Выбрать главу

– Я бы хотел завтра исповедаться и это… то что ты говорил…

– Причаститься?

– Ага.

– Ну, если тебя допустят до причастия.

– Ладно, до завтра.

– До завтра.

Изменило ли это чудо его жизнь? Да. Он начал ходить на службы у себя в ближайшем храме, реже курил, записался в тренажерный зал и начал бегать, не от ментов как раньше, а по пересечёнке. Но его попытка взлететь была больше похожа на прыжок. Я не отрицаю того, что он наркоман, того что веры – он коснулся поверхностно, потому что сам запрос был слабый.

Во второй его приезд произошло искушение от одного насельника монастыря. Не буду вдаваться в подробности, подобных тем полно и в интернете. Виноват наместник, не осознающий, какую ответственность за души вверенной братии на нём лежит, и не изгнавший такого монаха. Отец Симеон, с сожалением сказал, что это не последний раз, когда я буду сталкиваться с Элтонами Джонами в овечьих шкурах. Господь ждёт и их покаяния и исправления. Люди, прикрывающиеся рясами в своих корыстных или порочных целях и это большая проблема. Один митрополит накладывает запреты им на служение на пятнадцать лет, приходит другой и эти запреты снимает. Большой грех осуждать церковное руководство, мы должны молиться об их исправлении, но давать здравую оценку, как говорил Даниил Сысоев, наша обязанность.

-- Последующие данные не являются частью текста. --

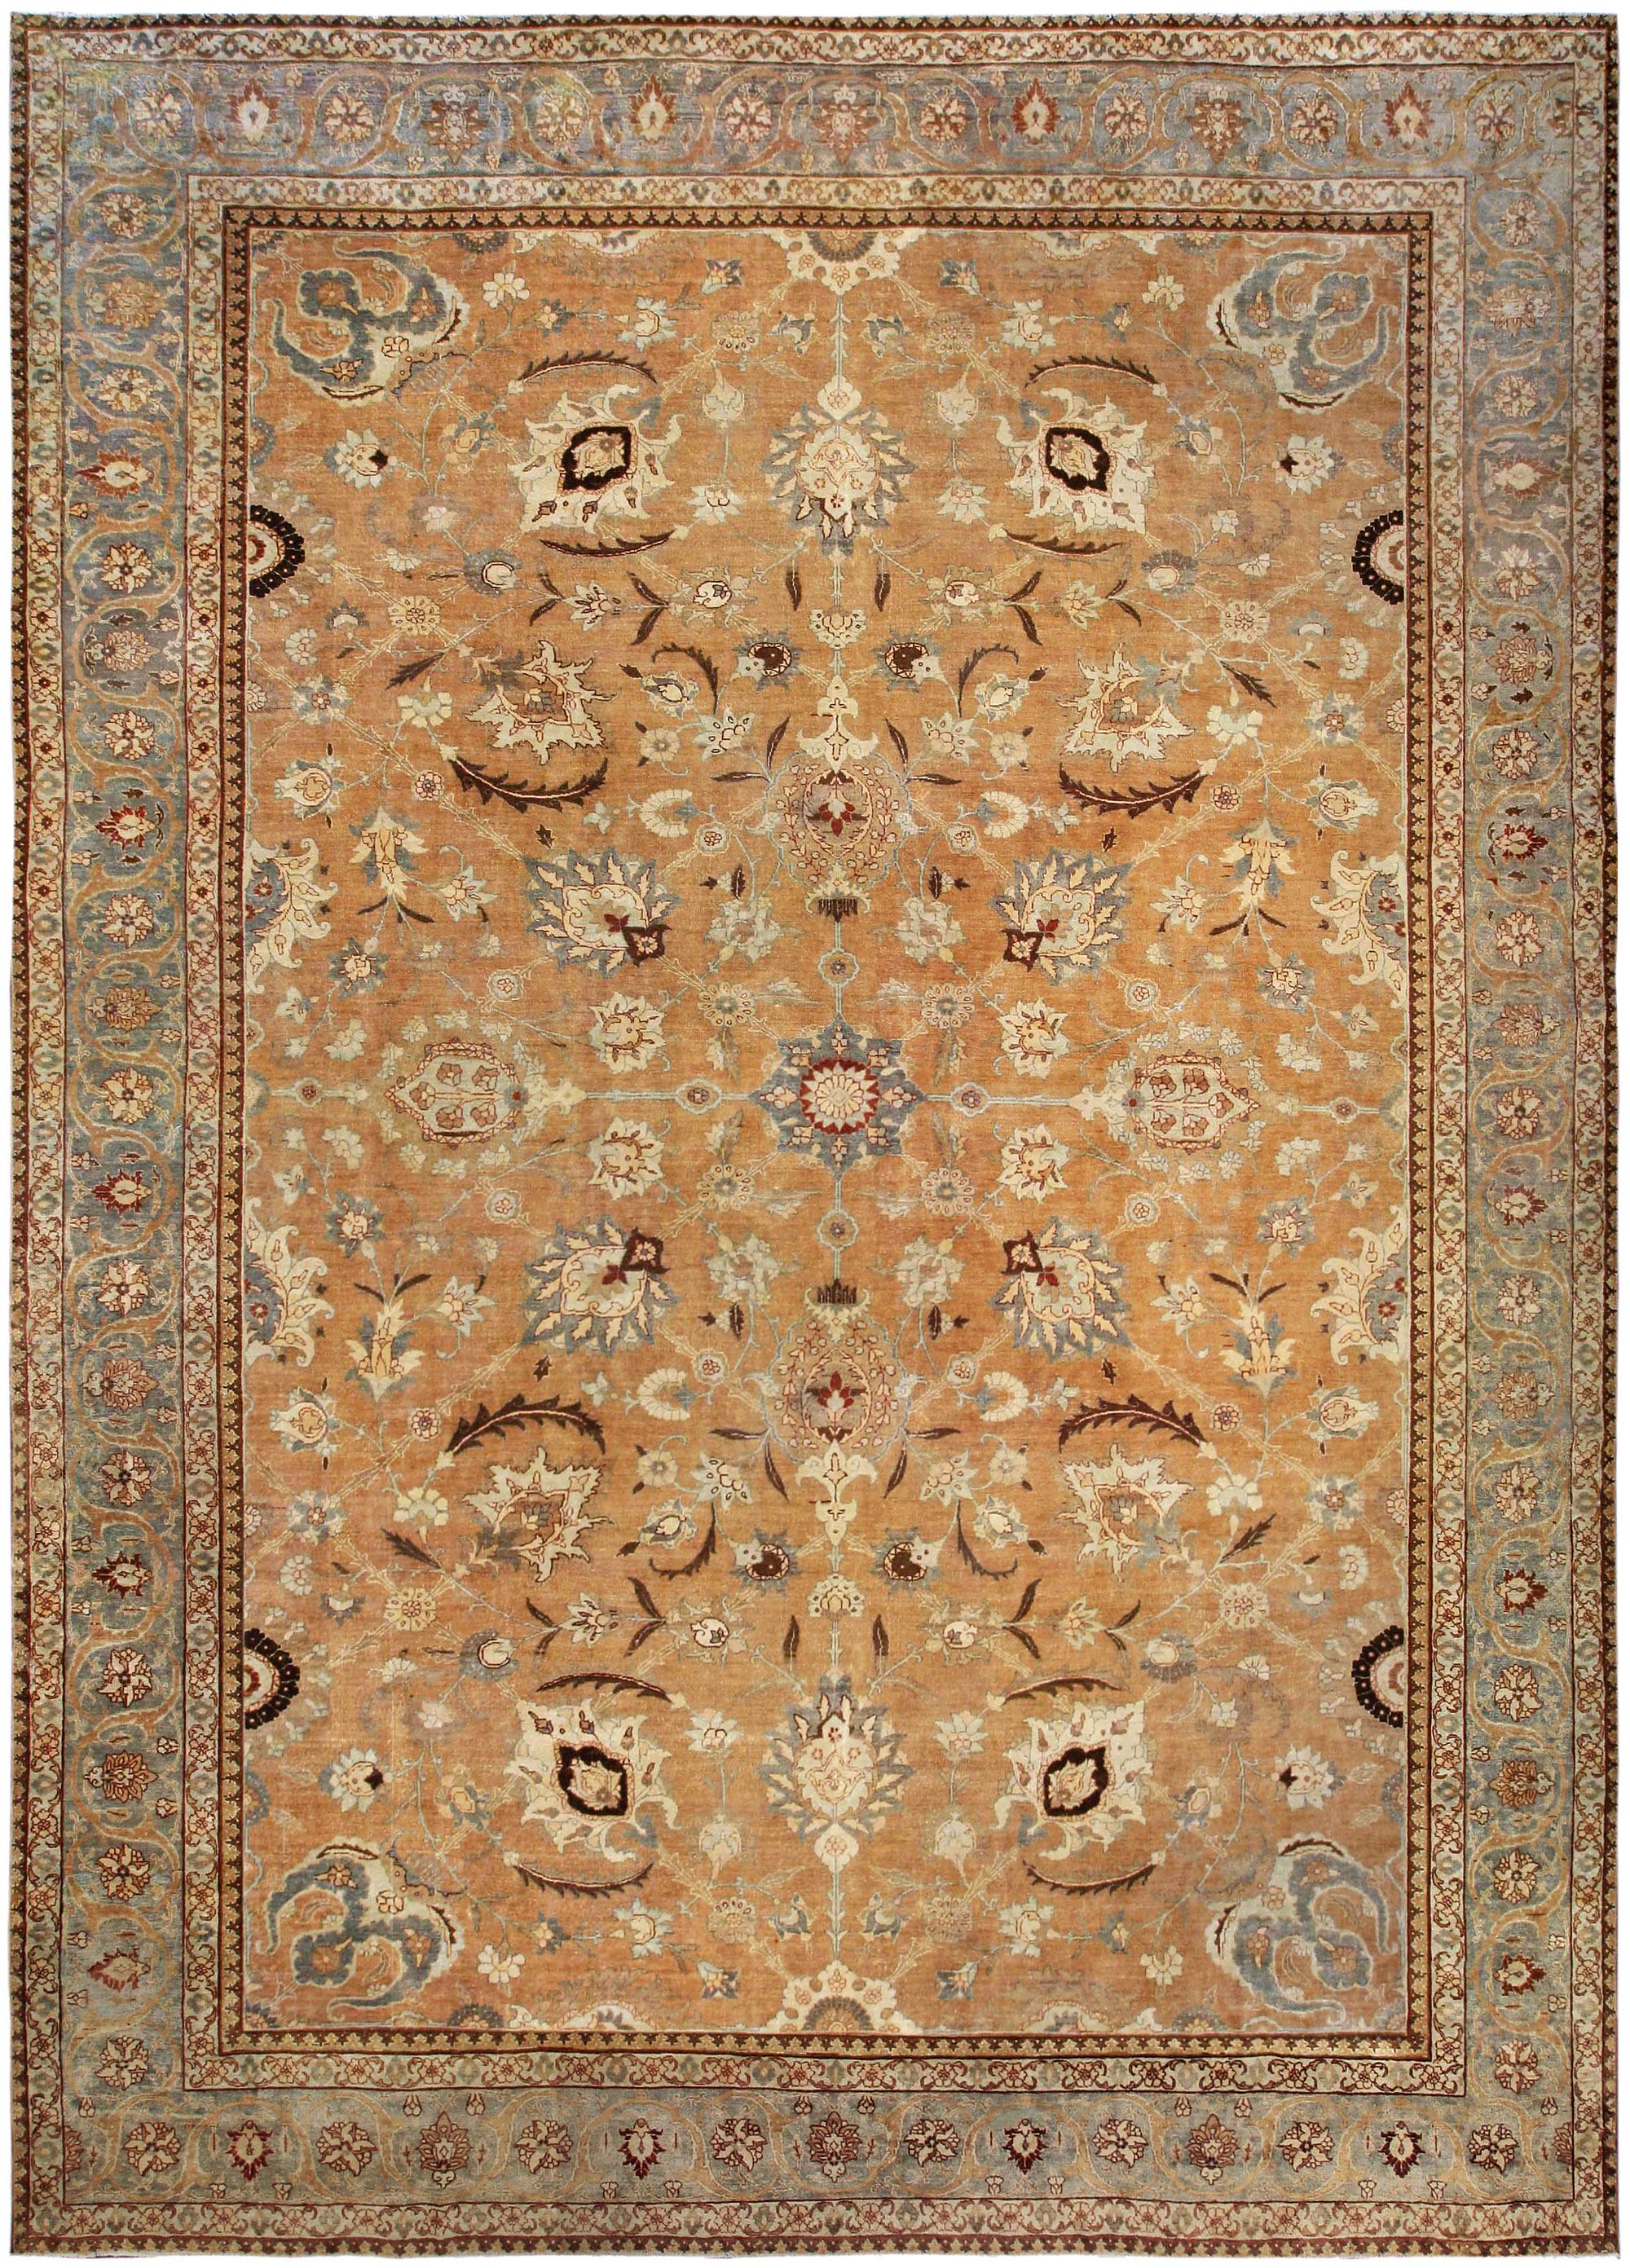 Antique Persian Tabriz Rug Bb4081 By Dlb

Вопрос заключается в том, что наместников-управленцев, а не духовных отцов, назначают митрополиты, хотя по уставам монастырей, он должен избираться из числа братии, посредством голосования. Тоже, кстати, происходит и на приходах, где кандидата в священники должны выбирать из своего числа верующие, как зарекомендовавшего себя добрыми делами и созиданием своей собственной семьи. Но приходы восстанавливаются, почти все прихожане бабушки и женщины, воцерковление которых, оставляет желать лучшего. Мужчин на приходах мало, поэтому право выбора священника, как и в дореволюционное время, за собой оставили архиереи. А мужчины не ходят, потому что не видят мужественности и опыта у бывших семинаристов, кроме школы ничего не видевших. Человеку, имеющему за плечами военную кампанию, отсидку, два развода и молодую любовницу, им посоветовать нечего. Бывший семинарист может вспомнить что-то из Евангелия, но не подкреплённые опытом слова не найдут отклика в душе такого мужика. Он с досадой вздохнёт и выйдет из храма, возможно, чтобы пересечь его порог уже только телом, в последний раз. Поэтому отвечая одному медийному батюшке, скажу, что проблема не в мужиках, а в женственных священниках, сидящих под каблуком своих матушек – быстро разобравшихся, что к чему, и взявших удила в свои руки. В семейных вопросах он не советчик, потому что целиком и полностью отдал главенство в семье – своей жене, несчастной, без сильного плеча рядом.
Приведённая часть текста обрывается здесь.